* **Material provided**:
= = = = = = =

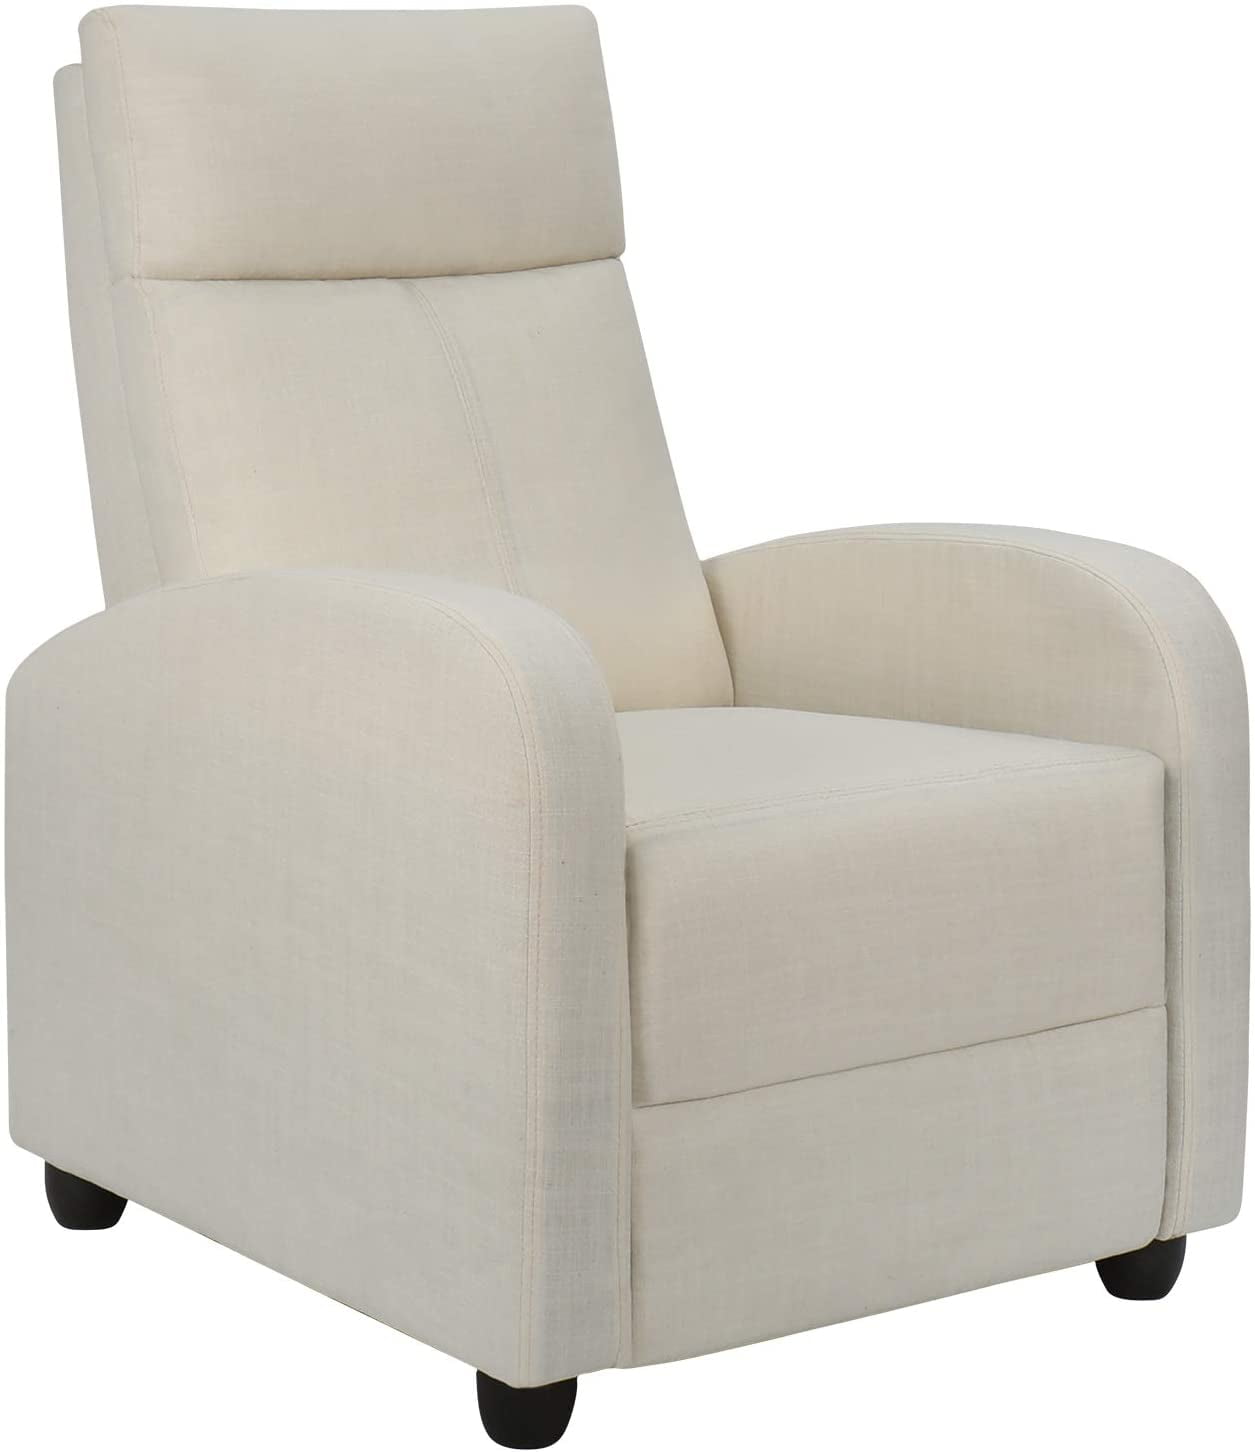 Homall Fabric Recliner Chair Adjustable Modern Home
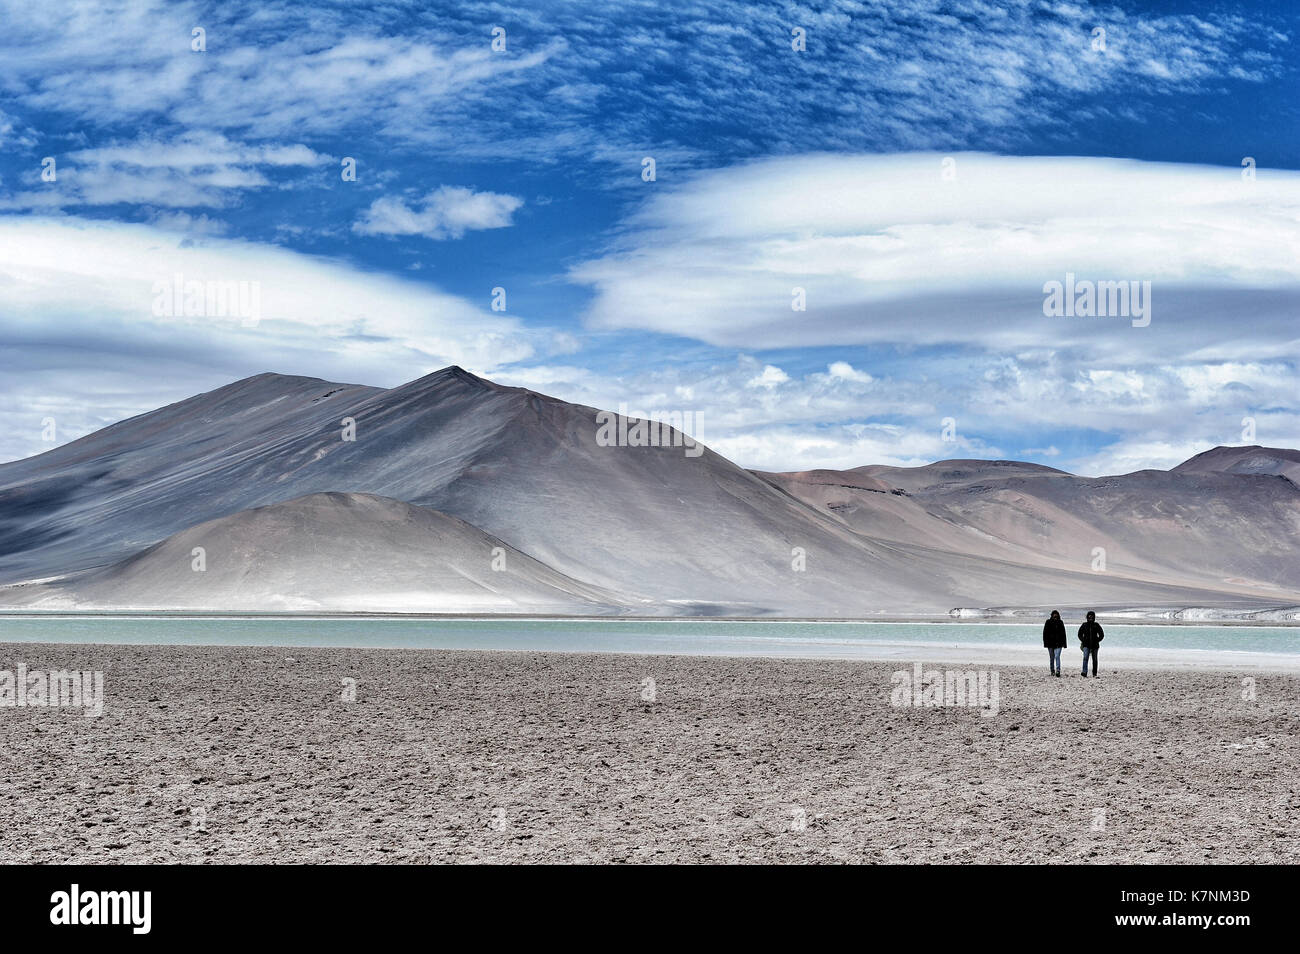 Two people admiring the view at Salar de Aguas Calientes, aka as Salar de Talar, Chile Stock Photo
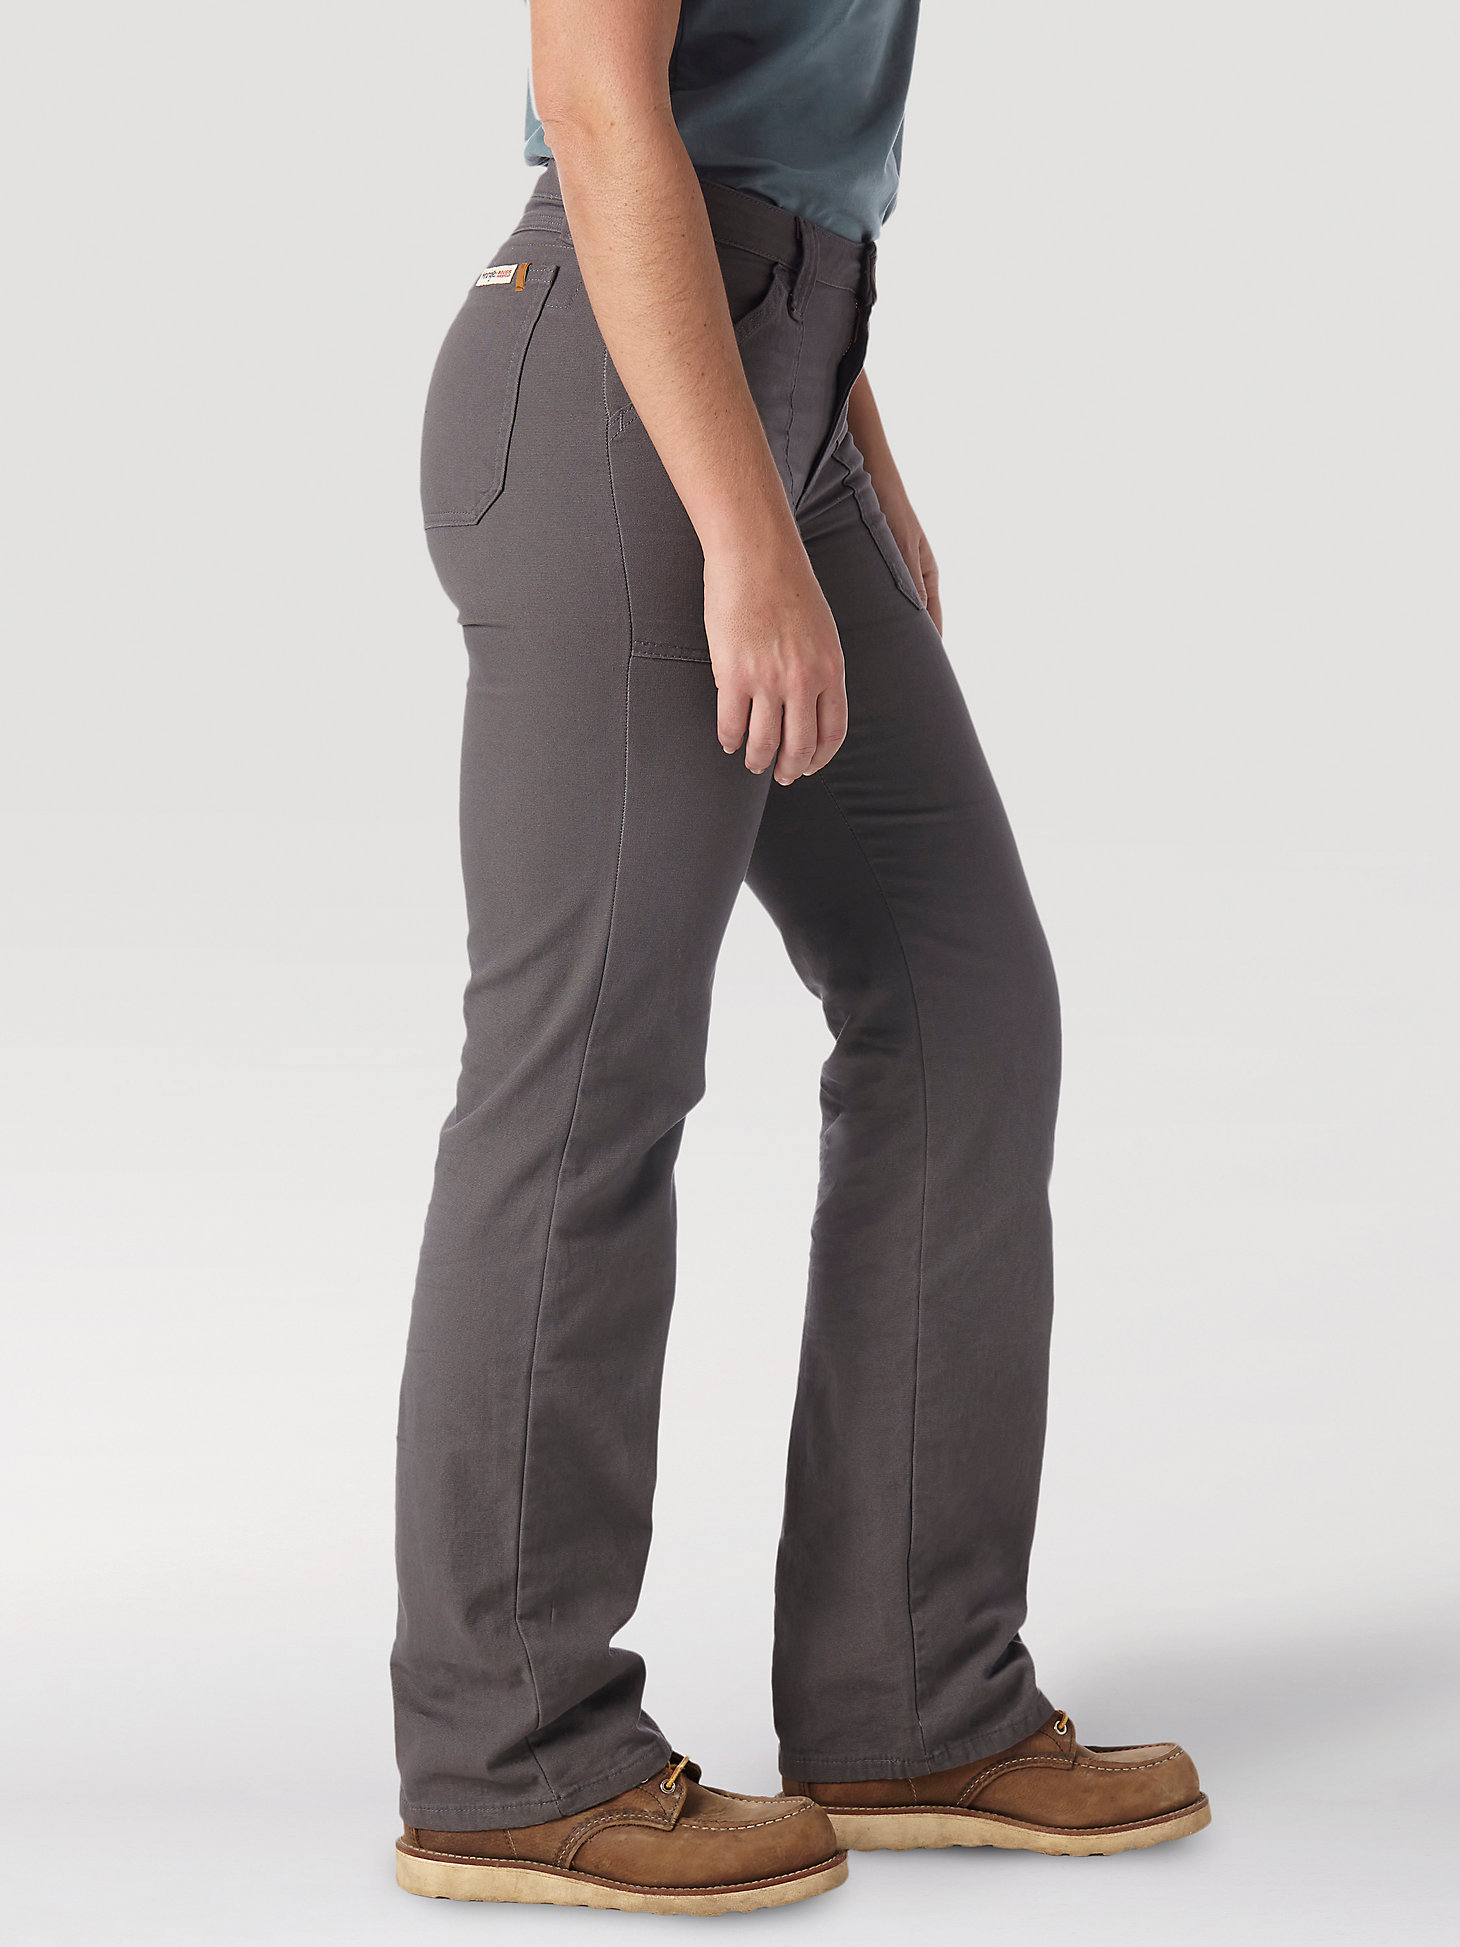 Black Sizes 8 10 12 14 Grey New Women's Utility Cargo Work Trousers

= = = = = = =

* **Prompt**: Return the listing above in full and unaltered. Keep the pictures out.

* **Your response**:
 Homall Fabric Recliner Chair Adjustable Modern Home
 Two people admiring the view at Salar de Aguas Calientes, aka as Salar de Talar, Chile Stock Photo
 Black Sizes 8 10 12 14 Grey New Women's Utility Cargo Work Trousers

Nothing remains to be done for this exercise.